The following code will give a better feel for what really occurs in a session of LangChain on the question answering considering the processing of chat history. Major steps include:

Get Old Messages: Chat_history command retrieves old messages of a chat from the Upstash Redis.

Initial question handling: Preprocess the question to be asked via rag_chain for generating answers on AI from the chat history. The chat history will be comprised of the user's query and what the AI has replied to. Fetch updated messages: Get the new messages in the chat.

Second-order question handling: Use the rag_chain to change the chat history and get a new response from the AI. Add the second user's question to the chat history and the response from the AI.

Such a setup can allow dynamical storage and updating in a Q&A interaction within the chat history.

from langchain_core.messages import HumanMessage, AiMessage
from .history import chat_history

old_message = chat_history.messages("sessionId")

question = "What is Task Decomposition?"

ai_msg_1 = rag_chain.invoke({"input": question, "chat_history": old_message})


new_message = chat_history.messages("sessionId")

second_question = "What are common ways of doing it?"

ai_msg_2 = rag_chain.invoke({"input": second_question, "chat_history": new_message})



Use Cases of Retrieval-Augmented Generation

Automation of Customer Support: RAG can be applied to extend customer support systems with accurate, contextually relevant answers to customer inquiries. It searches a knowledge base for the most appropriate information and generates responses that will cover all aspects of a customer's issue. This approach promises to improve the accuracy of responses while consuming a small percentage of the time and effort of human agents; hence, efficient and satisfactory customer service.

Research Assistance: RAG systems will be very instrumental in summarising and contextualising huge amounts of information from academic papers, articles, and other sources. With a RAG-enabled system, compact summaries and relevant insights are returned to the queries put forward by researchers where retrieval and generation are dynamically pulled based on the latest data. This application speeds up the research process at a high rate, meaning that more of the time of the scholar will go into analysis and interpretation.

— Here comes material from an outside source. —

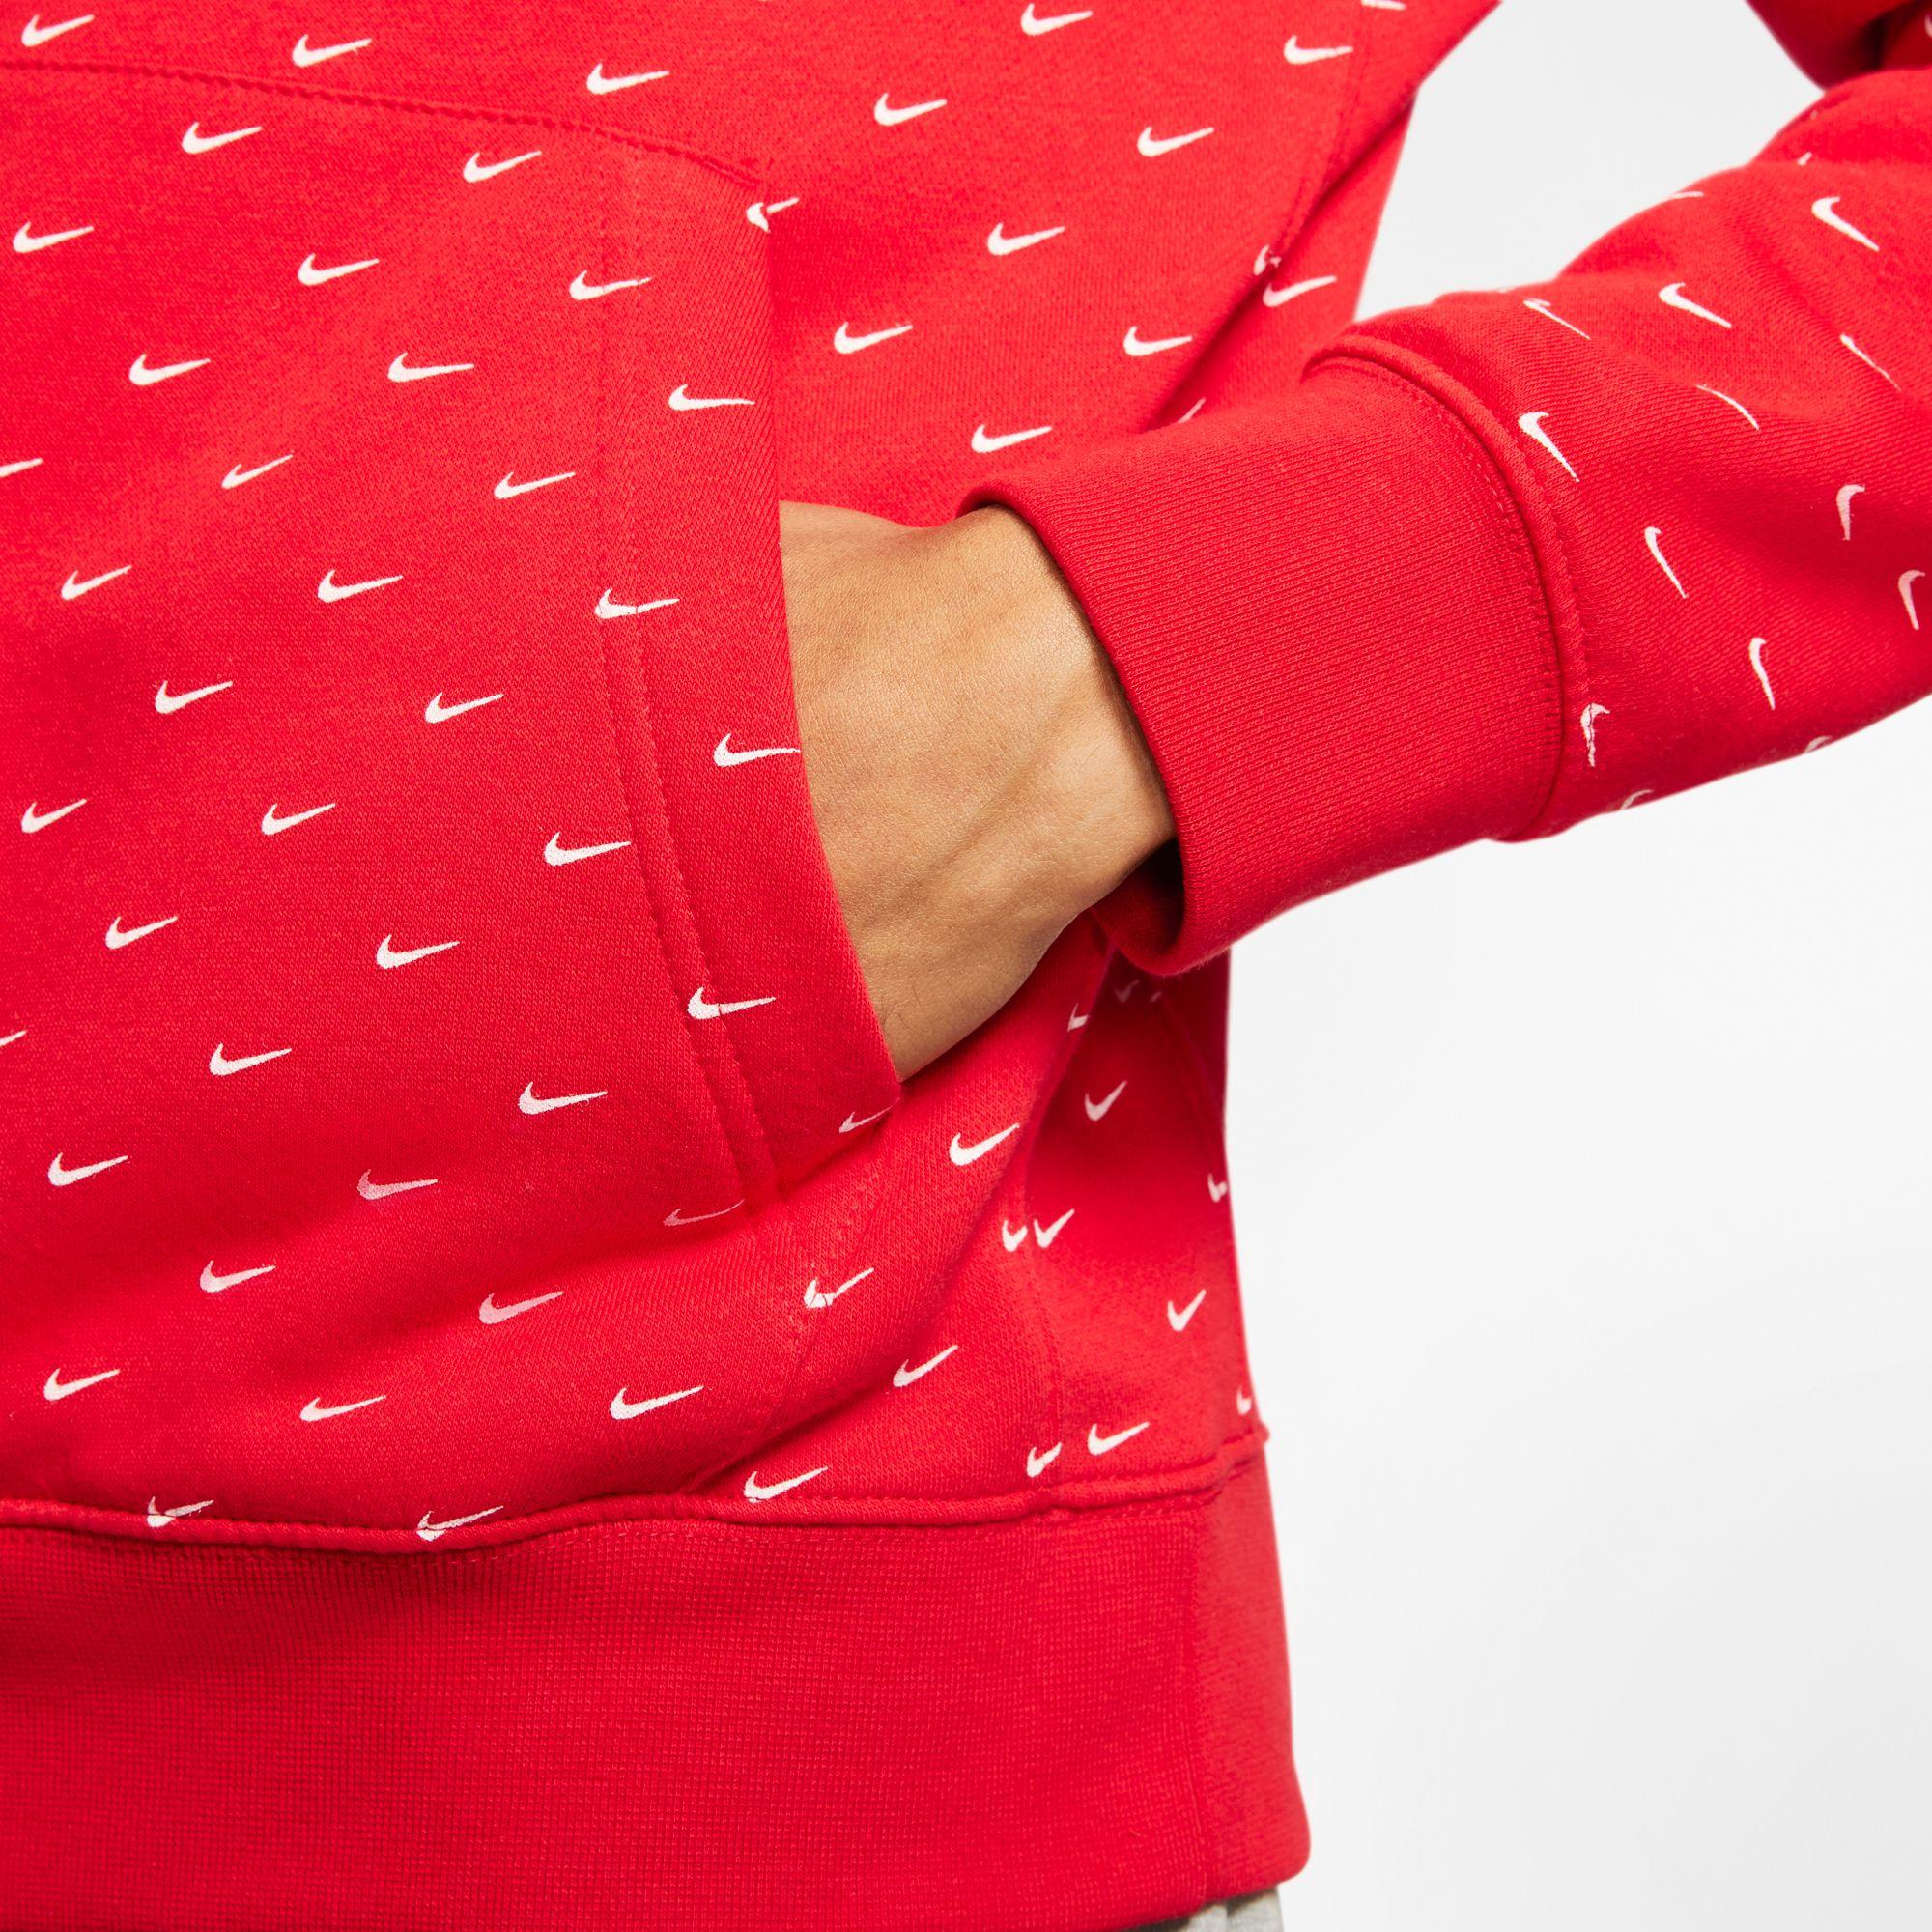 Nike Fleece Sportswear Swoosh Pullover Hoodie in University Red/White (Red)  for Men - Lyst

Generative text models using AI are feasible and tremendously effective. With pre-trained models and retrieval-augmented generation along with the tools of LangChain, Pinecone, LangSmith, and Upstash, it becomes possible to build systems that are meaningful and context-aware, stay up-to-date, save huge computational time and resources, and make such advanced AI applications accessible to every developer and business.

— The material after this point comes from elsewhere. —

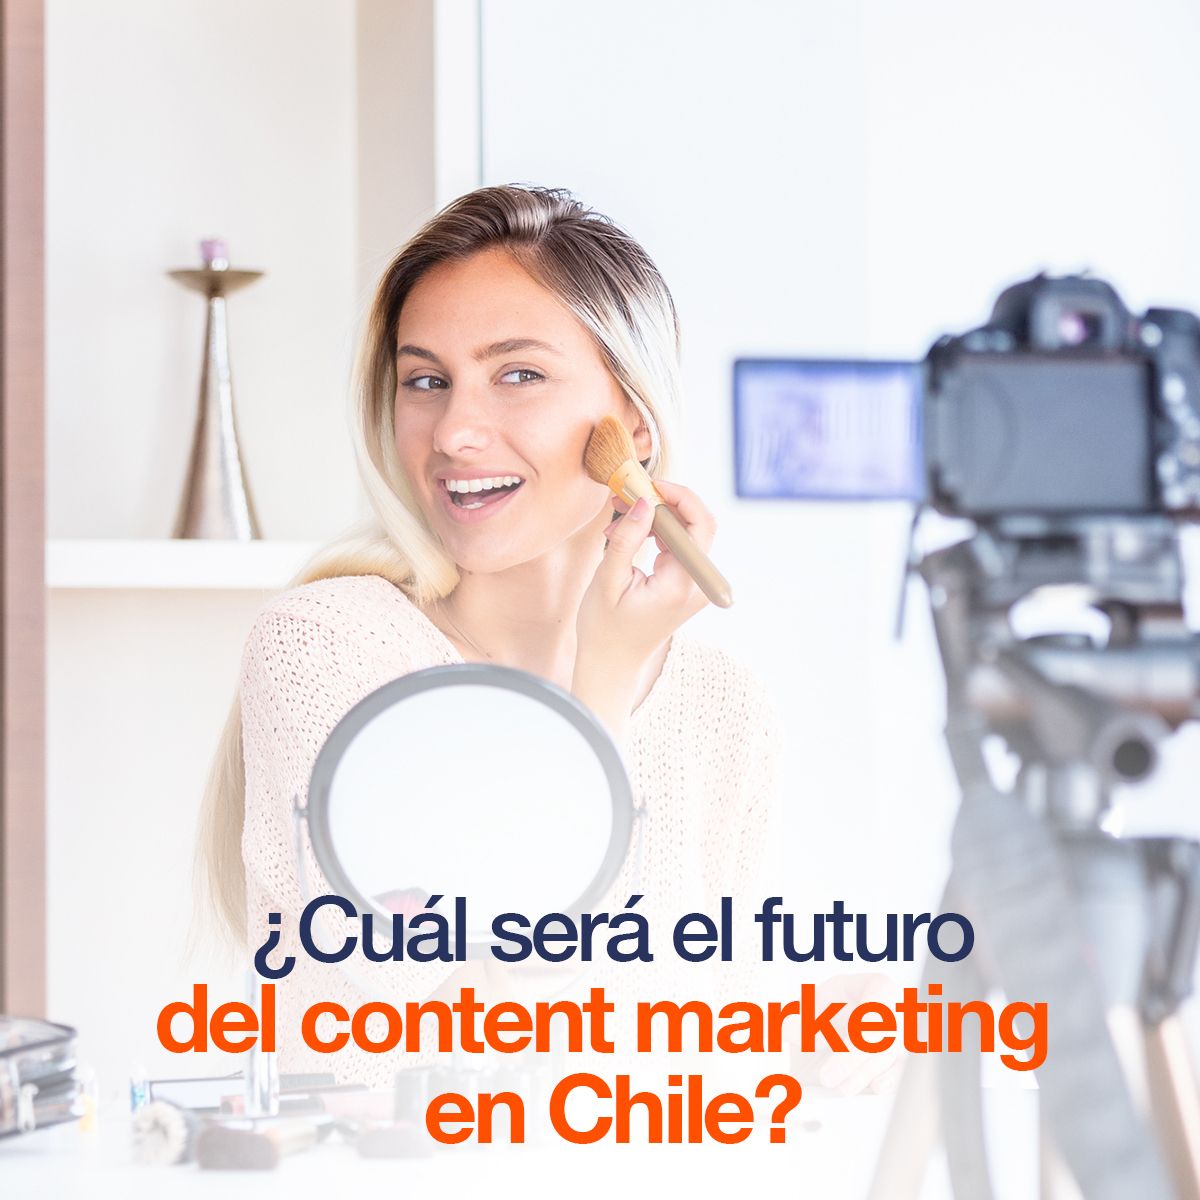 ¿Cuál será el futuro del content marketing en Chile?

In this blog, we have covered how generative models work, why traditional methods of training them can be inefficient, and how RAG corrects this by adding real-time retrieval to generative capabilities. We showed how to implement such a RAG system with LangChain and how to integrate a host of other tools that enable efficient management of embeddings, vector storage, and chat histories. Finally, we showed how to exercise control over the format in which the language models produce their output to ensure just the precise answers that the application requires. These instructions will be helpful in the development of robust AI-powered systems that furnish correct answers for resourceful applications in different spheres.